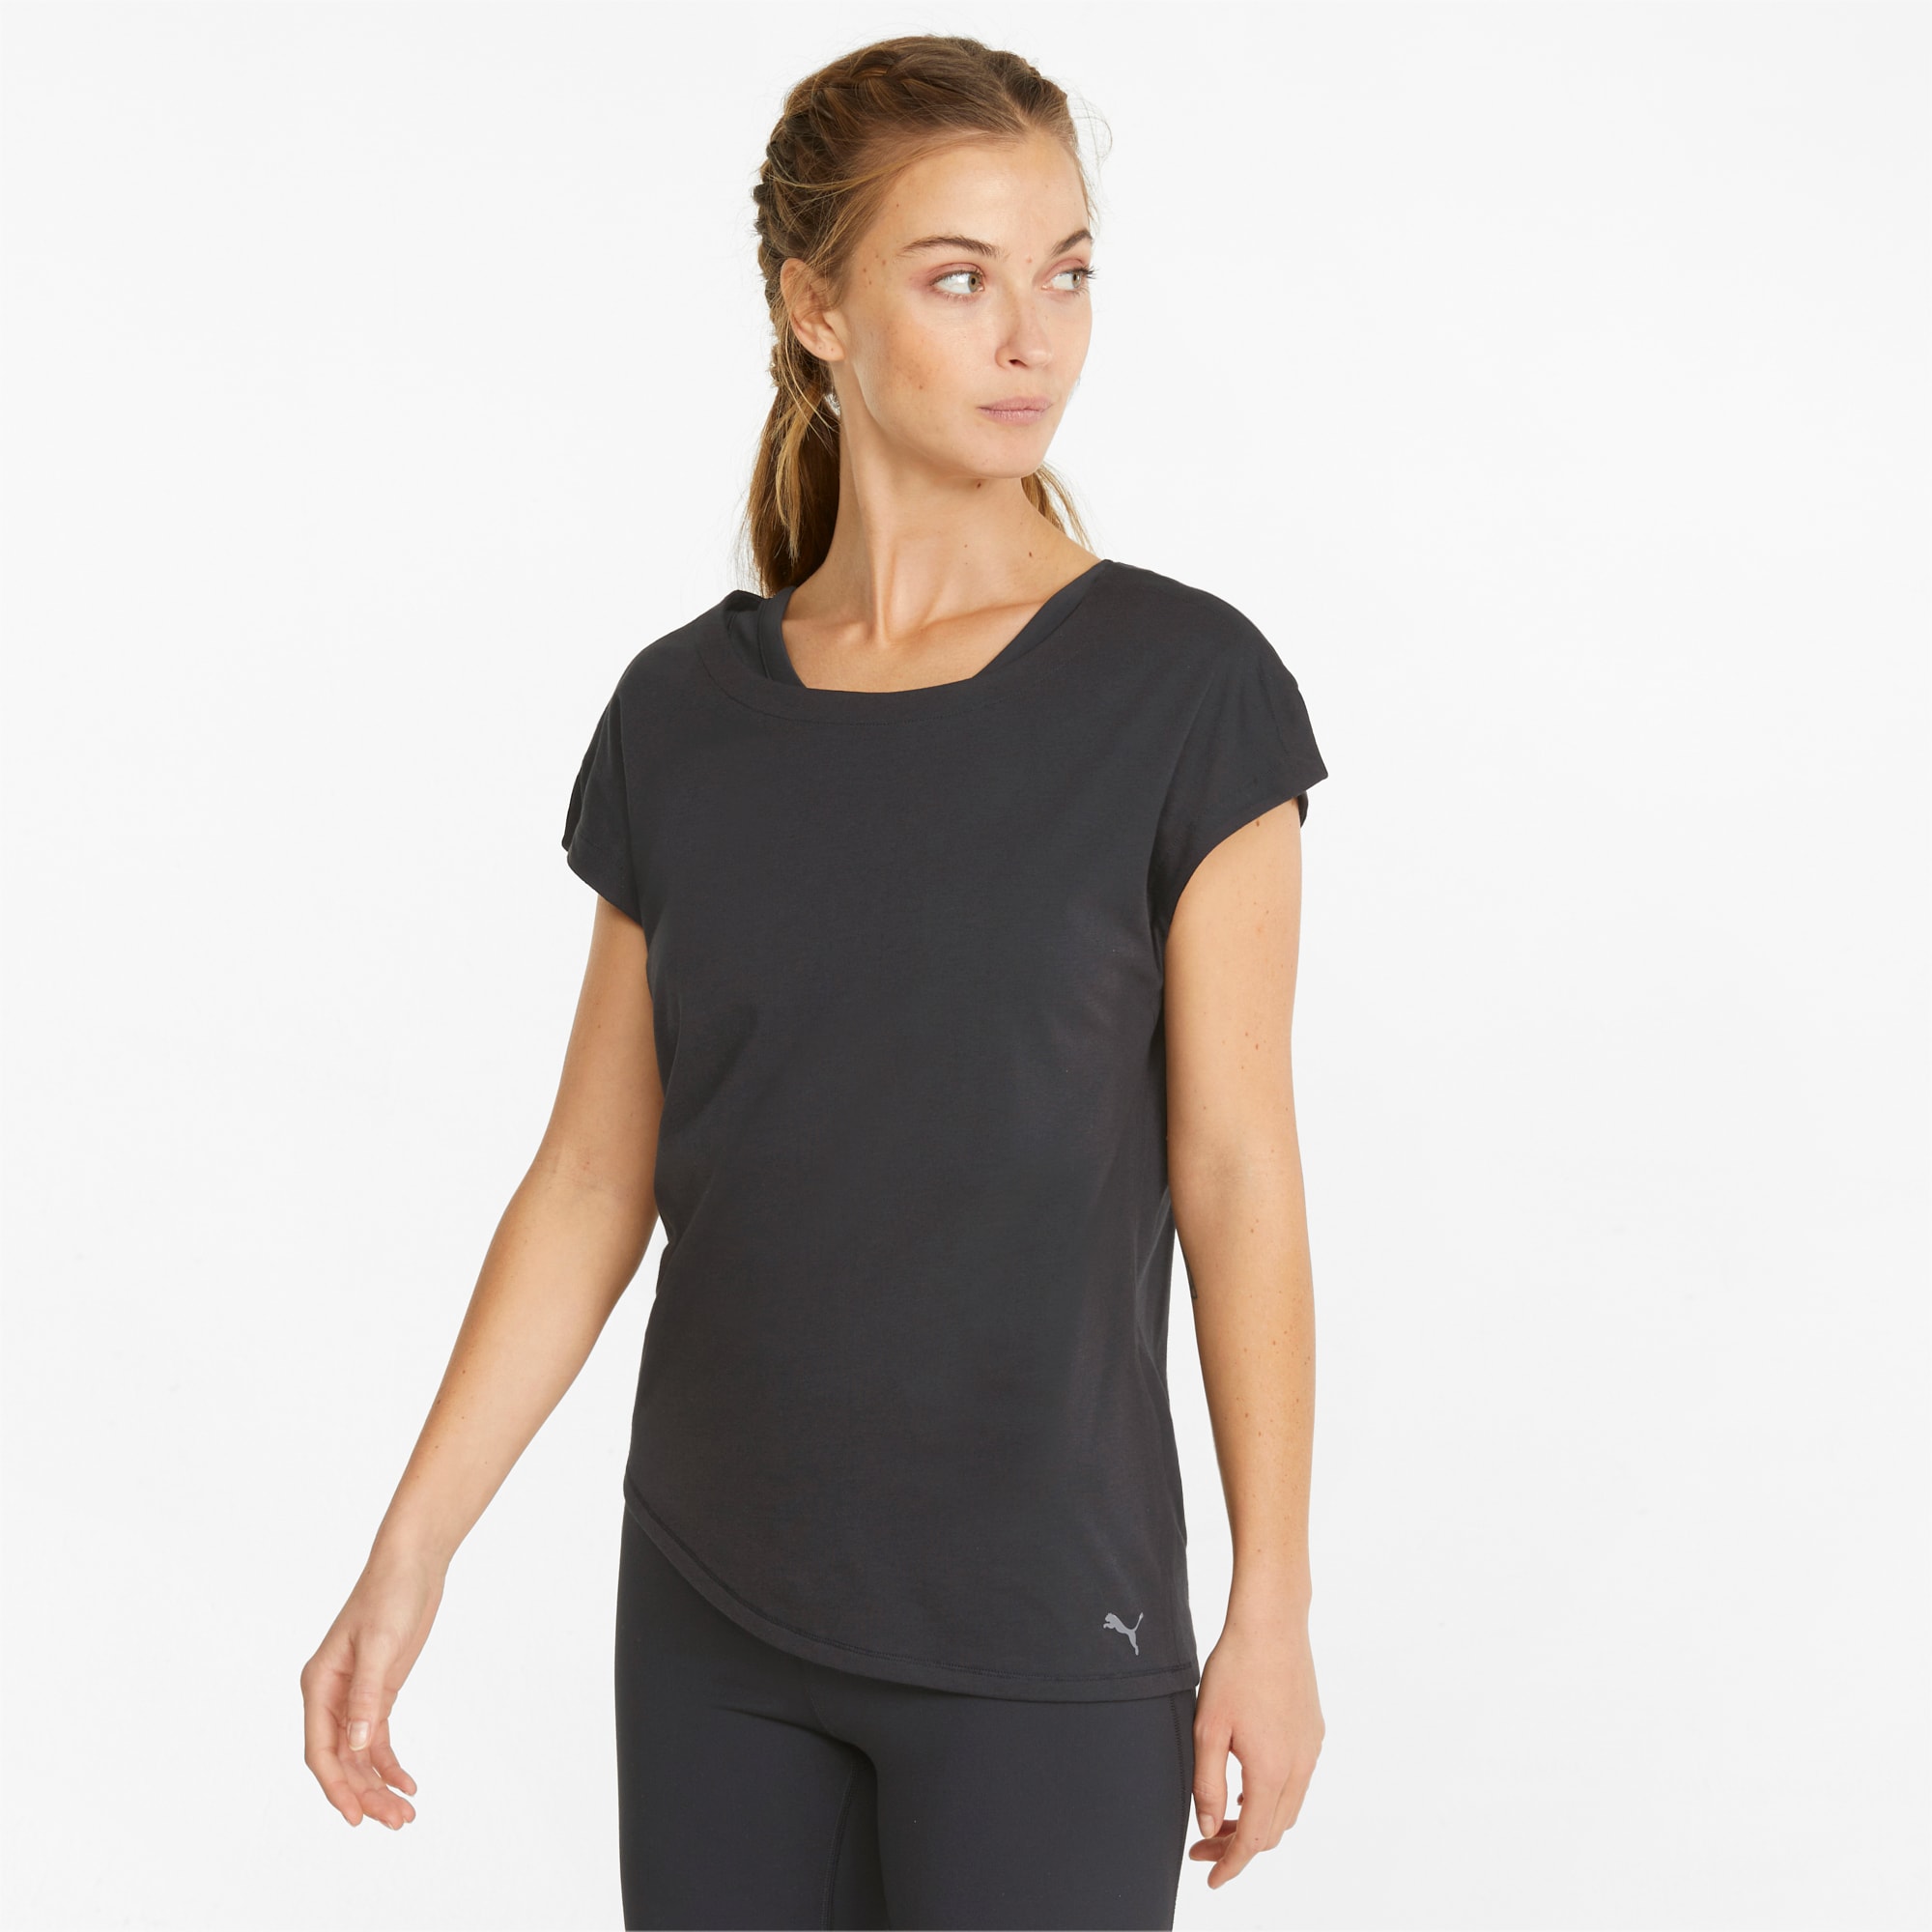 PUMA Studio Foundation Women's Training T-Shirt, Black, Size XL, Clothing
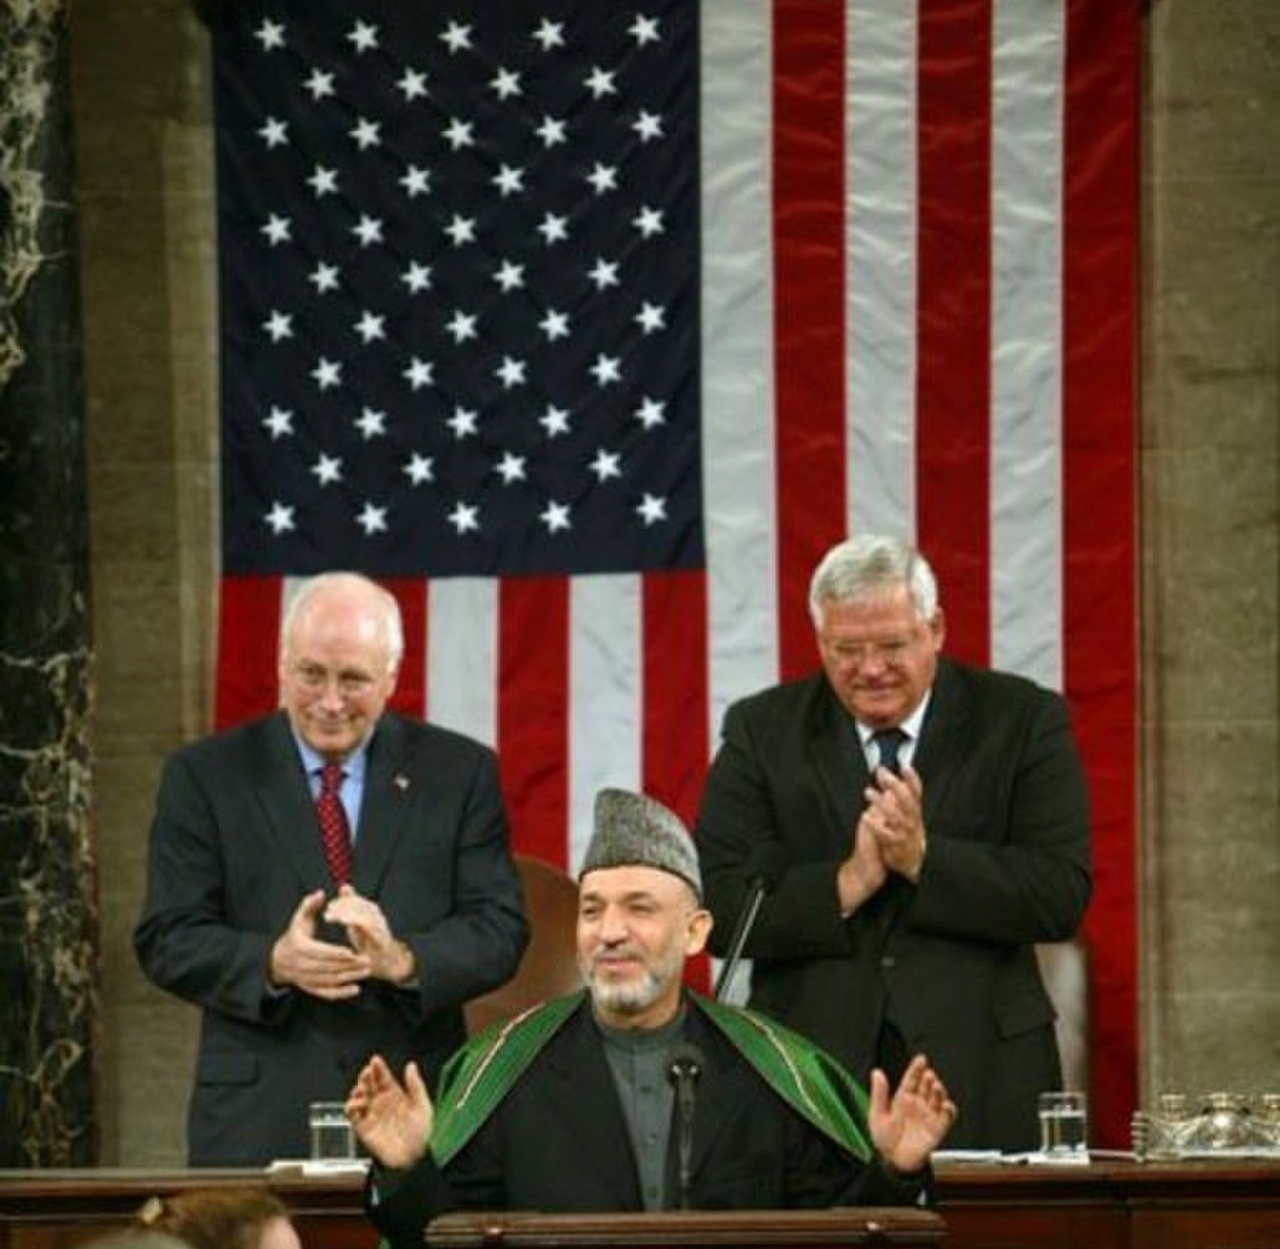 Hamid Karzai speaking before the U.S. Congress, 2004.
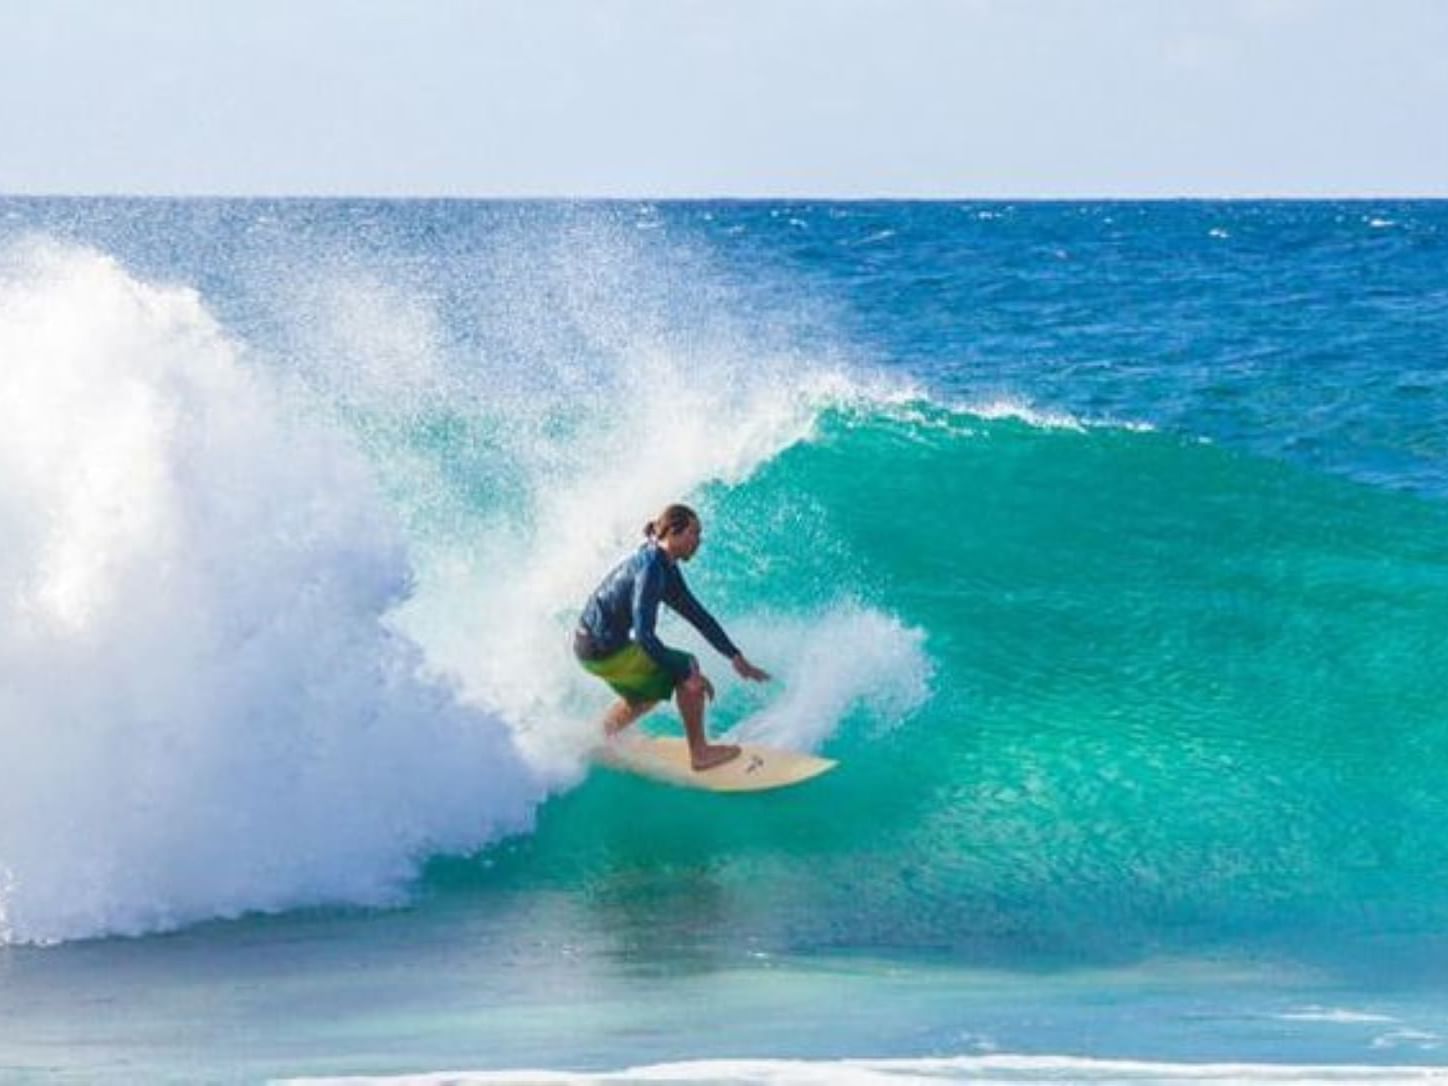 A surfer surfing on the ocean waves near Stay Hotel Waikiki

YOUR OBJECTIVE: In transcribing the material above, reproduce each line exactly and include none of the pictures.

REPLY:
 PUMA Studio Foundation Women's Training T-Shirt, Black, Size XL, Clothing
 Hamid Karzai speaking before the U.S. Congress, 2004.
 A surfer surfing on the ocean waves near Stay Hotel Waikiki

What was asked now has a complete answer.